How to evaluate $\,\lim\limits_{x \to 1}\left(x^n-1\right)\ln^m(1-x)\,$ without L'Hopital?

Question

This question arose as part of the evaluation of $\int_{0}^{1} x^{n-1} \ln^{m}(1-x) \, \mathrm{d}x$ using integration by parts, where we would require to show that $$ L=\lim_{x \to 1} \left( x^n-1\right)\ln^m(1-x) \qquad n,m \in \mathbb{N} $$ Checking several cases with Wolfram Alpha, the claim seemed to hold.

---

My attempt: \begin{align} L & \overset{\color{blue}{x = 1-e^{-t}}}{=}\lim_{t \to \infty} \left(\left(1-e^{-t} \right)^n-1 \right)\left(-t \right)^m\\ & = \sum_{k=1}^{n}\binom{n}{k}(-1)^{k+m}\lim_{t \to \infty}\frac{t^m}{e^{kt}}\\ & \overset{\color{green}{\text{L'H}}}{=} \sum_{k=1}^{n}\binom{n}{k}(-1)^{k+m}\lim_{t \to \infty}\frac{m!}{k^me^{kt}}\\ & =0 \end{align}

---

I was wondering if the limit in the title could be shown by a method (which could be completely different than the one I tried) that doesn't use L'Hopitals rule. The reason is that I believe another proof with L'H would be similar-ish in spirit to mine, and I was more interested in other ways of tackling the original limit altogether.

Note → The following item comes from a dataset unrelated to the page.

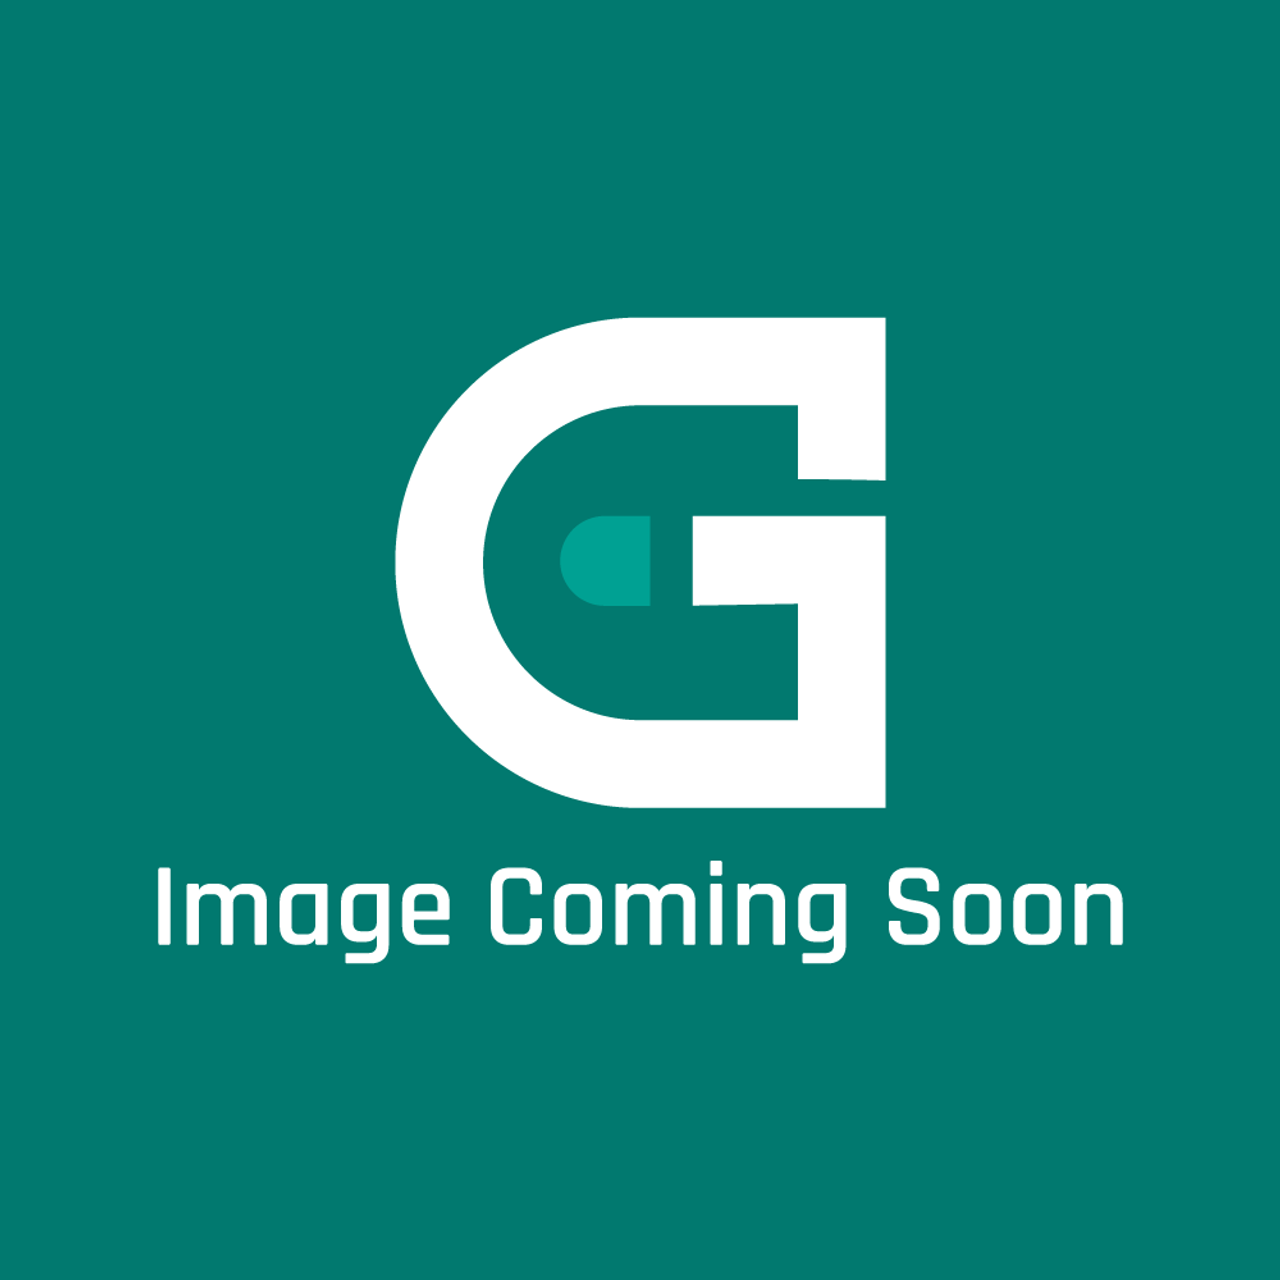 GE Appliances WE01X20424 - Strain Relief Bracket Ga - Image Coming Soon!

Another idea I tried to make work expanding the natural log part in a series, but since the limit is on the border of the convergence region I wasn't sure if it would work.

Any ideas or suggestions are welcome. Thanks!

Answer 1

A simpler solution can be obtained by simple substitutions.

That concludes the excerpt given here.